Questione di inammissibilità e articolo 122 CPC: il meccanismo di sanzione
Quando si parla dell’articolo 31, non si può ignorare l’articolo 122 dello stesso codice. È lui che fornisce all’avversario l’arma procedurale corrispondente: la questione di inammissibilità.
Concretamente, se un convenuto ritiene che il richiedente non abbia né interesse legittimo né qualità per agire, solleva questa eccezione. Il giudice deve quindi risolvere questa questione prima di esaminare il merito. E la sanzione è radicale: la domanda è dichiarata inammissibile senza che il giudice si pronunci sulla controversia.
Differenza con un’eccezione di procedura
Si confonde spesso la questione di inammissibilità con un’eccezione di procedura (incompetenza, nullità della citazione). La distinzione ha conseguenze pratiche dirette. Un’eccezione di procedura deve essere sollevata prima di qualsiasi difesa sul merito, pena inammissibilità. La questione di inammissibilità, invece, può essere invocata in qualsiasi momento della procedura, anche in appello.

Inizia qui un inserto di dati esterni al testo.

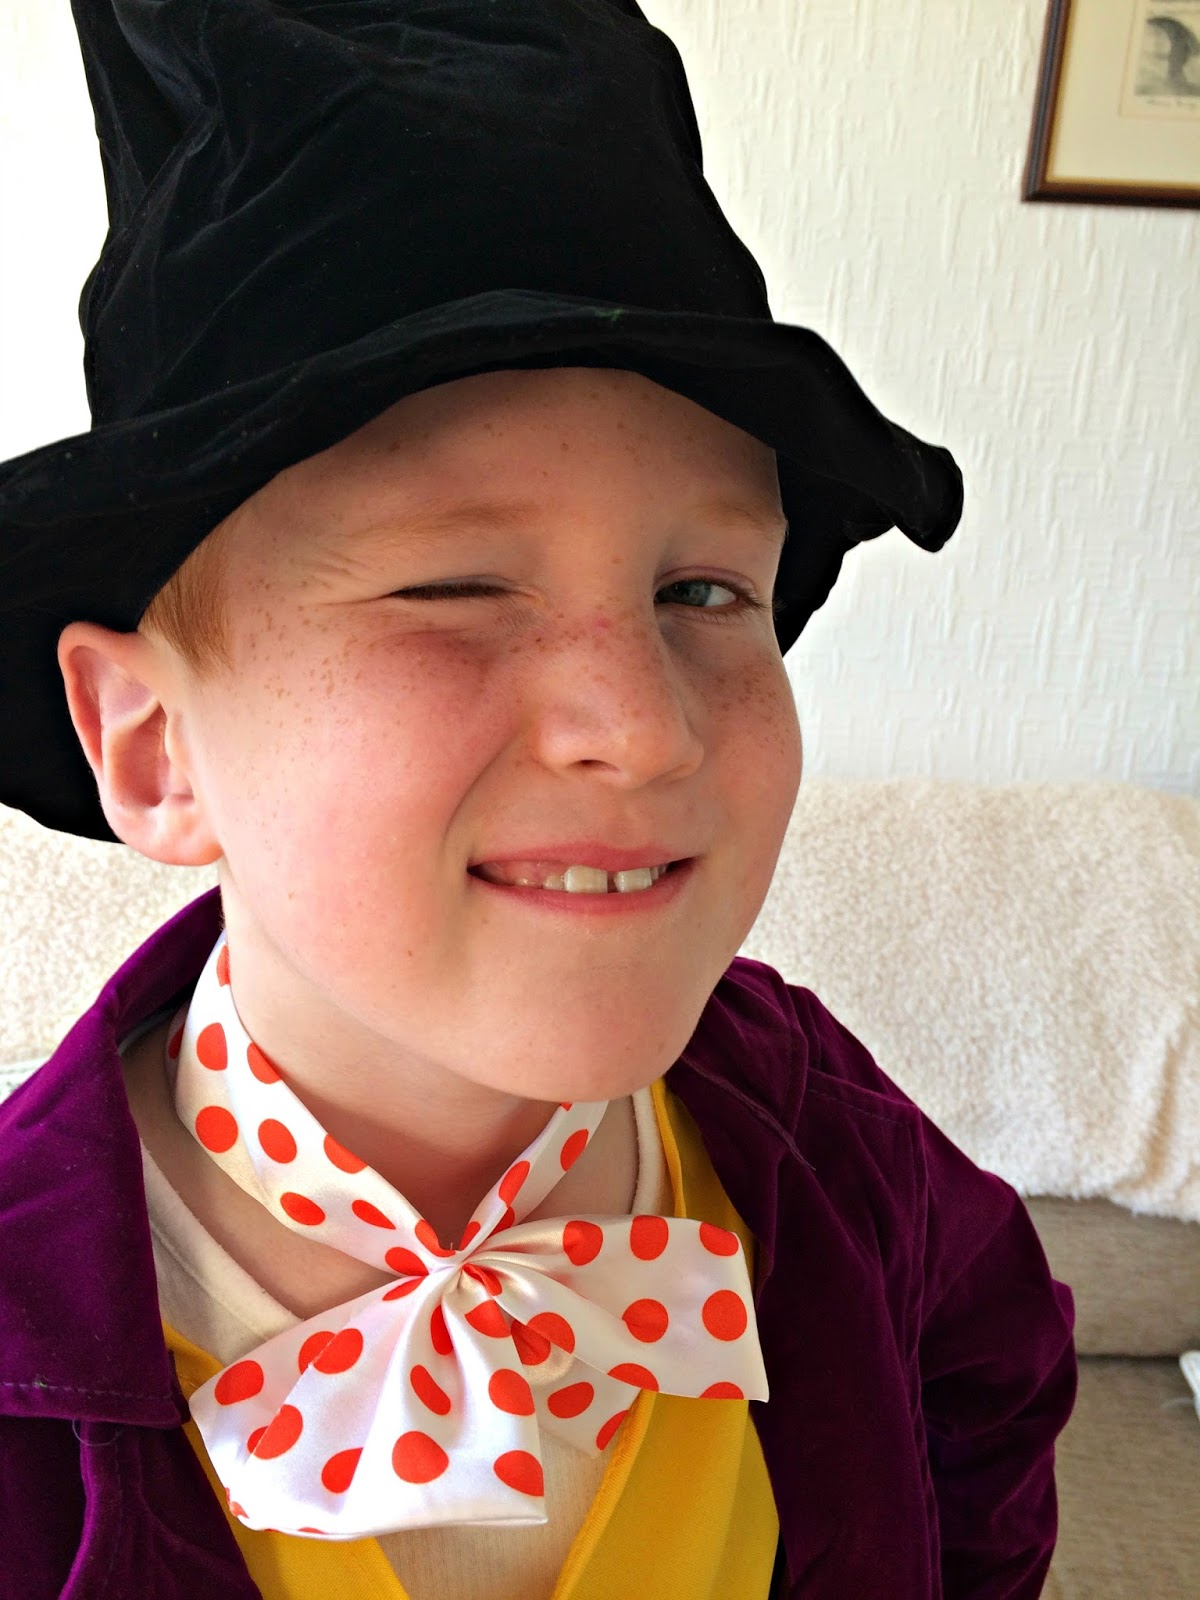 Ieuan dressed as Willy Wonka

Ciò significa che un convenuto può aspettare di vedere come evolve il processo prima di sollevare il difetto di interesse ad agire. Per il richiedente, quindi, il rischio esiste a ogni stadio della procedura.
Regolarizzazione possibile
Un punto che i professionisti conoscono bene: la questione di inammissibilità può talvolta essere regolarizzata nel corso del processo. Se il richiedente acquisisce la qualità o l’interesse che gli mancava dopo l’introduzione dell’azione, il giudice può ritenere che la condizione sia soddisfatta. I riscontri variano su questo punto a seconda delle giurisdizioni, ma la Corte di cassazione ammette questa regolarizzazione in alcune configurazioni.

Qualità per agire riservata dalla legge: le situazioni concrete da conoscere
La seconda parte dell’articolo 31 riguarda i casi in cui un testo speciale designa nominativamente chi può agire. Si esce quindi dal regime generale dell’interesse legittimo per entrare in un regime di abilitazione.
Alcuni esempi comuni:
- In diritto societario, solo il liquidatore può agire a nome di una società in liquidazione. Un ex dirigente o un creditore non possono sostituirsi a lui.
- In condominio, alcune azioni spettano esclusivamente all’amministratore che agisce per mandato dell’assemblea generale. Un comproprietario isolato che tenta di agire al posto dell’amministratore si scontra con il difetto di qualità.
- In diritto di famiglia, l’azione di contestazione di filiazione è riservata a persone limitativamente enumerate dal Codice civile, anche se altri familiari potrebbero giustificare un interesse.
In queste ipotesi, l’interesse del richiedente può essere perfettamente reale e legittimo. È la qualità che manca, e l’articolo 31 chiude la porta.
Azione legale e articolo 31 CPC: i riflessi da avere prima di citare
Prima di avviare una procedura, si guadagna tempo verificando sistematicamente due cose. Prima di tutto, il danno invocato è personale, diretto e attuale? Un danno futuro o eventuale non soddisfa la condizione di interesse. In secondo luogo, esiste un testo speciale che riserva l’azione a una categoria di persone? Se sì, è necessario verificare di farne parte.
Negligere questa verifica espone a una questione di inammissibilità che può intervenire tardivamente nella procedura, dopo mesi di lavoro e spese sostenute. L’articolo 31 del CPC non è una formalità teorica. È il primo blocco che il tribunale attiva, e quello che fa cadere il maggior numero di fascicoli prima ancora che un giudice guardi il merito.